Depression later in life tends to last longer and be more severe than
at younger ages. It is also associated with a high rate of suicide.
Previously, it was thought that major depression was secondary to a
deficiency in certain neurotransmitters in the brain, particularly the
monoamines, which include serotonin, norepinephrine and dopamine.
While alterations in these important mood-related neurotransmitters is
found with major depression, growing evidence indicates that the
primary culprit is low-grade, chronic brain inflammation.

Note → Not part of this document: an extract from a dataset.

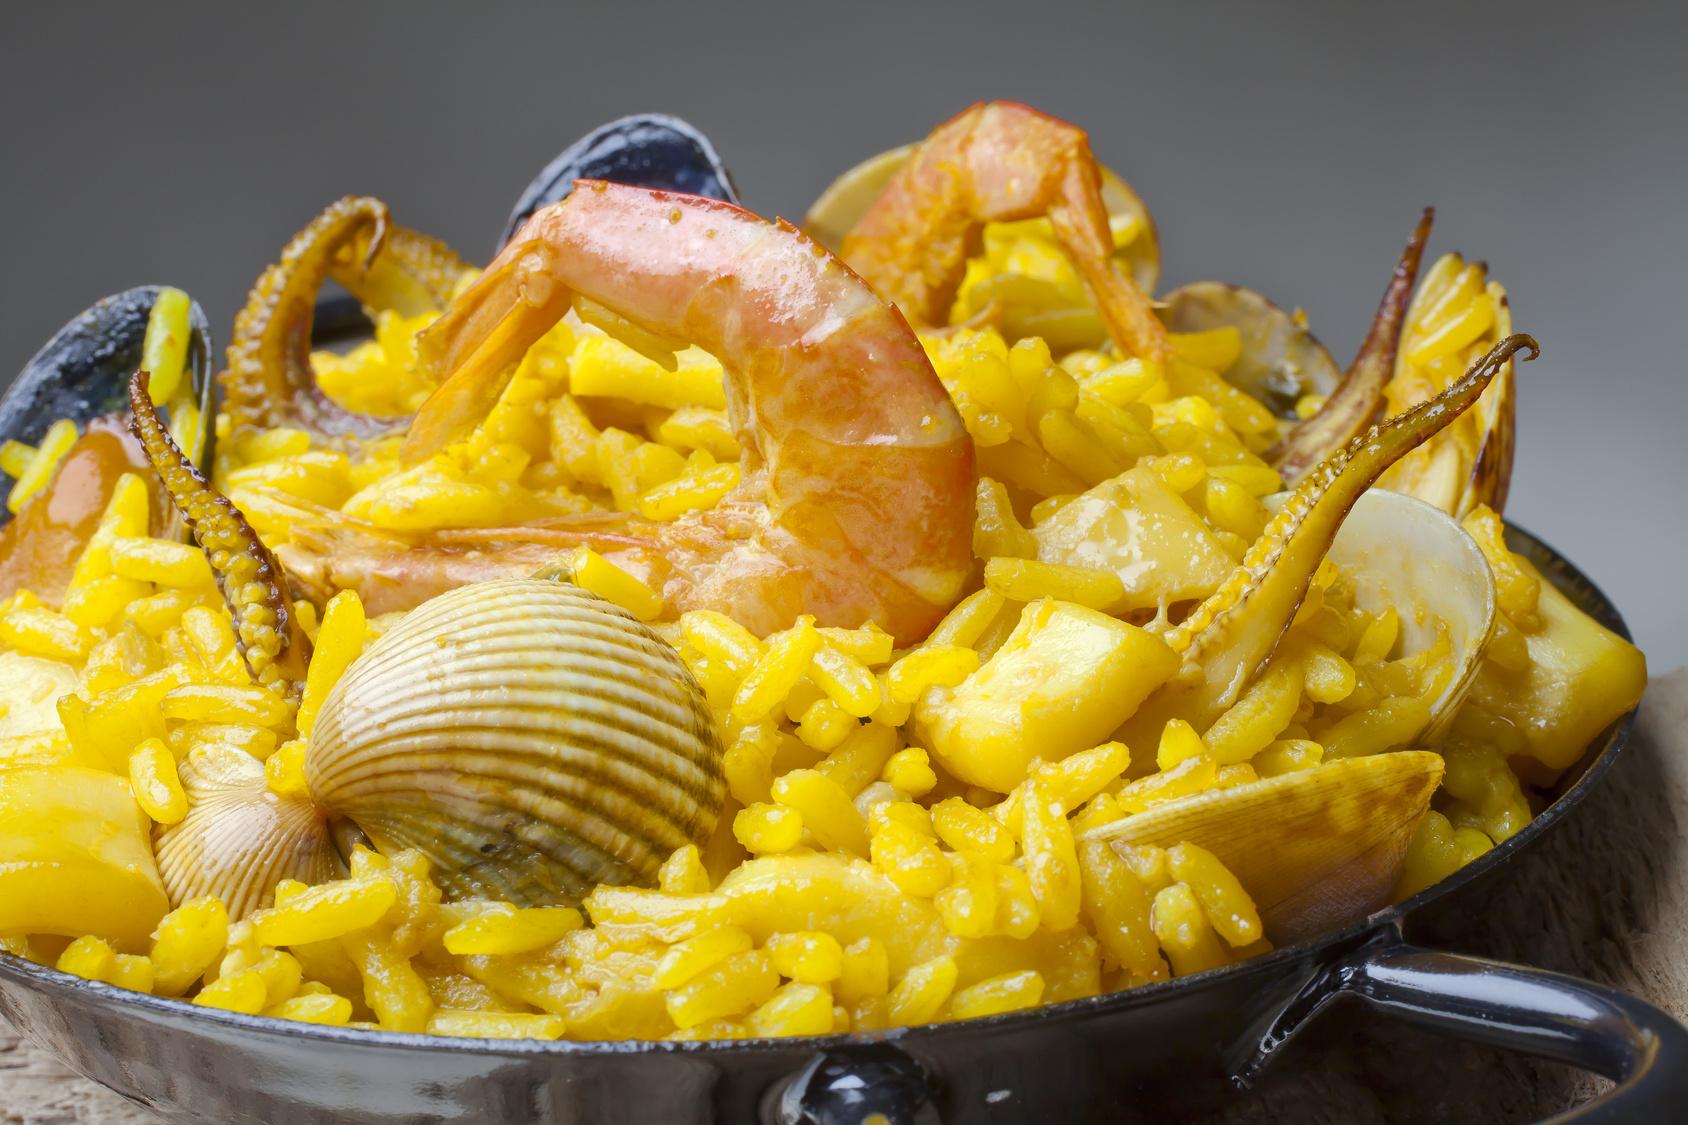 Clases de cocina tem ticas culinary spainculinary spain - Clases cocina malaga ...
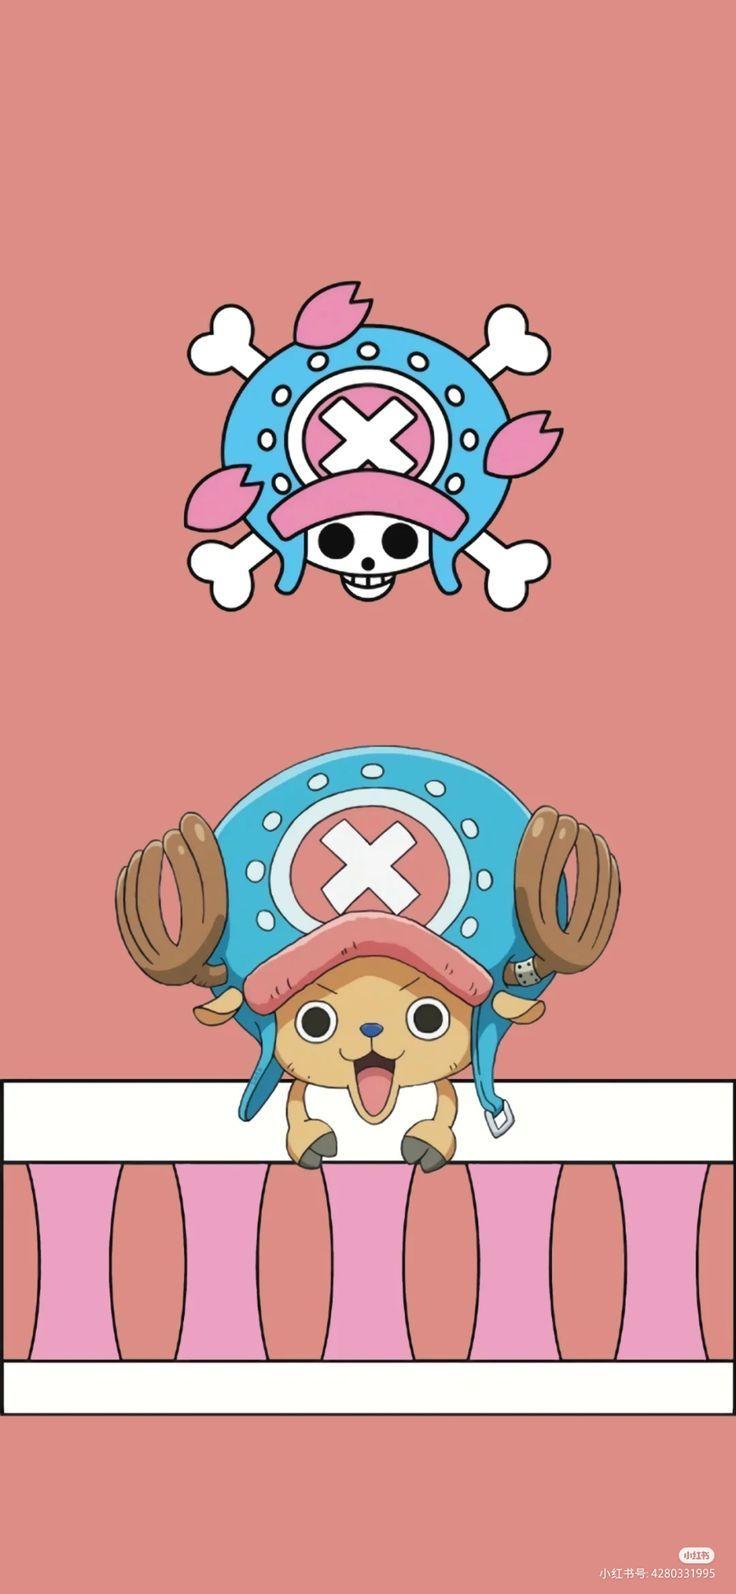 One Piece Roronoa Zoro Figurine Compilation Part 4

In addition, we now know that inflammatory cytokines can lower
serotonin significantly and for long periods by a number of different
mechanisms.
MSG and Depression
Researchers have also discovered that most people with major
depressive disease (MDD) have higher levels of the neurotransmitter
glutamate in their spinal fluid (CSF) and blood plasma. This is the
same glutamate found as a food additive-for example, MSG (monosodium
glutamate), hydrolyzed proteins, calcium or sodium casienate, soy
protein isolate, vegetable protein concentrate or isolate, etc.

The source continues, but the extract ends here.